To overcome these limitations, Mechanize will produce the data and evals necessary for comprehensively automating work. Our digital environments will act as practical simulations of real-world work scenarios, enabling agents to learn useful abilities through RL.

The market potential here is absurdly large: workers in the US are paid around $18 trillion per year in aggregate. For the entire world, the number is over three times greater, around $60 trillion per year.

The explosive economic growth likely to result from completely automating labor could generate vast abundance, much higher standards of living, and new goods and services that we can’t even imagine today. Our vision is to realize this potential as soon as possible.

Mechanize is backed by investments from Nat Friedman and Daniel Gross, Patrick Collison, Dwarkesh Patel, Jeff Dean, Sholto Douglas, and Marcus Abramovitch.

Tamay Besiroglu: We’re hiring very strong full stack engineers to build realistic, high-fidelity virtual environments for AI.

This move from Epoch AI into what is clearly a capabilities company did not sit well with many who are worried about AI, especially superintelligent AI.
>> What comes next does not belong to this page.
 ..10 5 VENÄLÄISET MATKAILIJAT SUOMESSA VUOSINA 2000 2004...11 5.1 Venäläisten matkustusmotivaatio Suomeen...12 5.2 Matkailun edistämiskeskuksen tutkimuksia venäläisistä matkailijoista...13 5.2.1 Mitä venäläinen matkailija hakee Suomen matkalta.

Jan Kulveit: ‘Full automation of the economy as soon as possible’ without having any sensible solution to gradual disempowerment seems equally wise, prudent and pro-human as ‘superintelligence as soon as possible’ without sensible plans for alignment.

Anthony Aguirre: Huge respect for the founders’ work at Epoch, but sad to see this. The automation of most human labor is indeed a giant prize for companies, which is why many of the biggest companies on Earth are already pursuing it.
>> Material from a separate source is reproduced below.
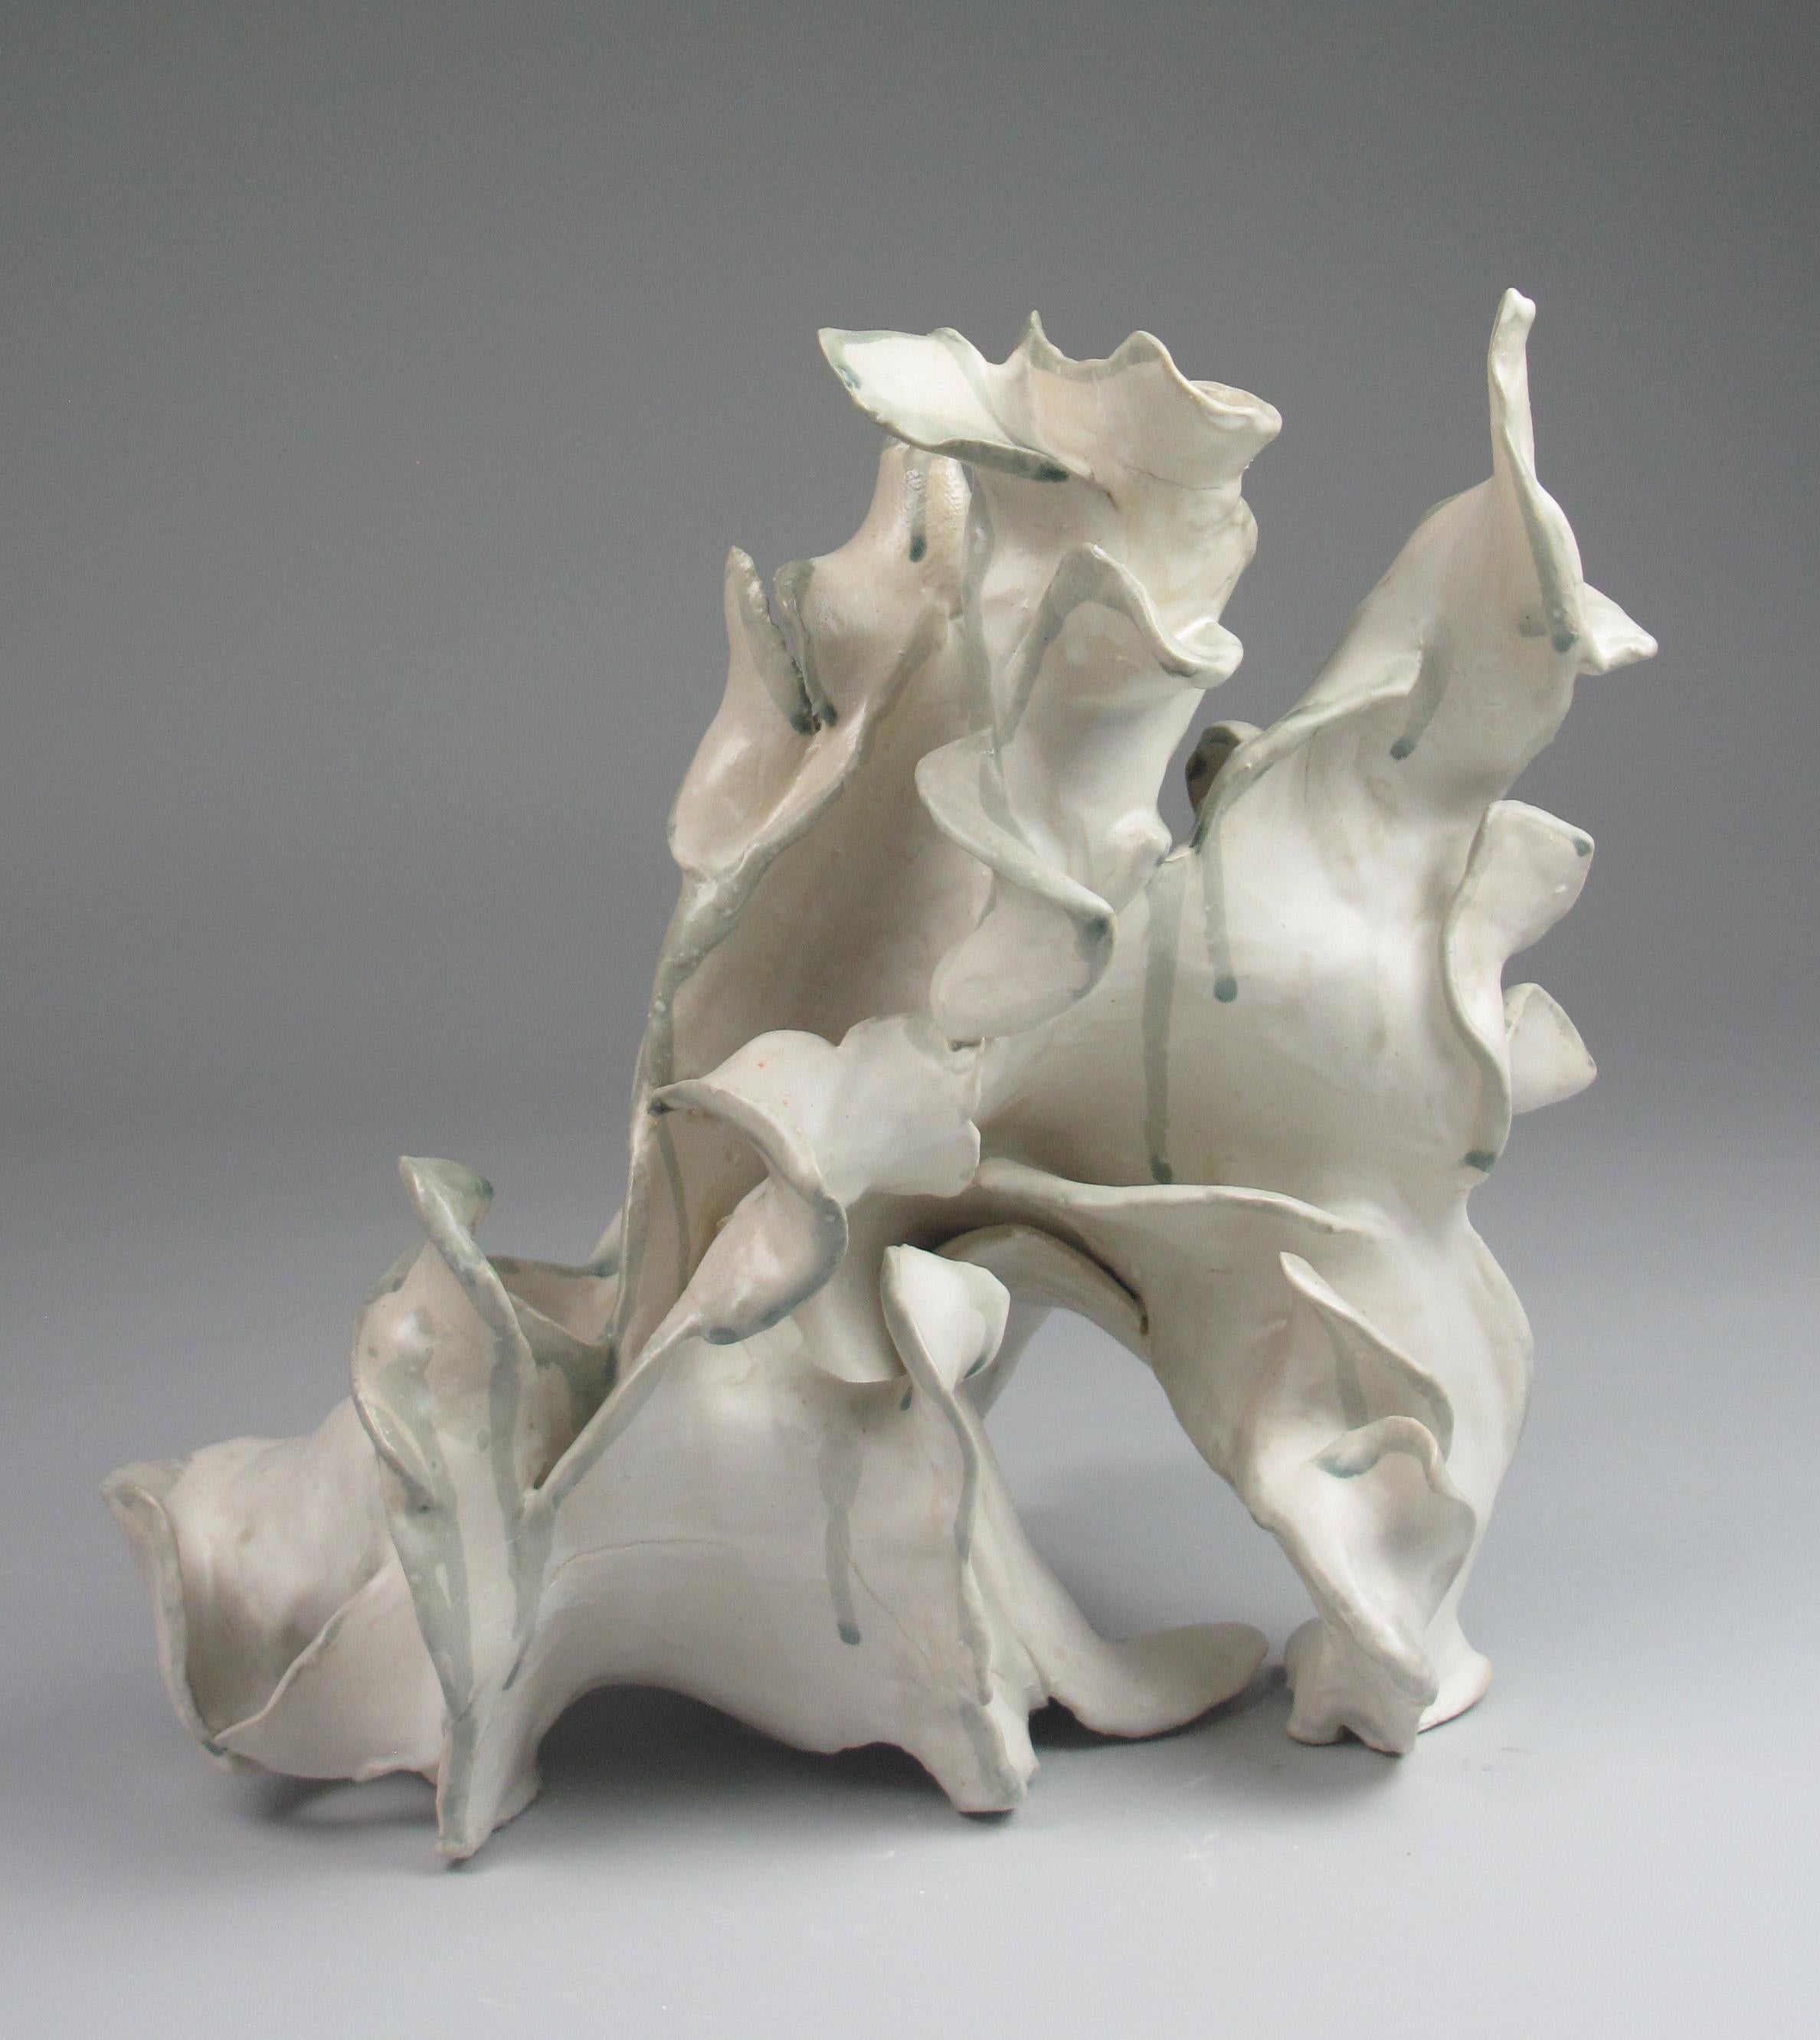 "Bloom", gestural, ceramic, white, cream, grey, teal, stoneware, sculpture - Sculpture by Sara Fine-Wilson

I think it will be a huge loss for most humans, as well as contribute directly to intelligence runaway and disaster. The two are inextricably linked. Hard for me to see this as something another than just another entrant in the race to AGI by a slightly different name and a more explicit human-worker-replacement goal.

Adam Scholl: This seems to me like one of the most harmful possible aims to pursue. Presumably it doesn’t seem like that to you? Are you unworried about x-risk, or expect even differentially faster capabilities progress on the current margin to help, or think that’s the wrong frame, or…?

Richard Ngo: The AI safety community is very good at identifying levers of power over AI – e.g. evals for the most concerning capabilities.

Unfortunately this consistently leads people to grab those levers “as soon as possible”.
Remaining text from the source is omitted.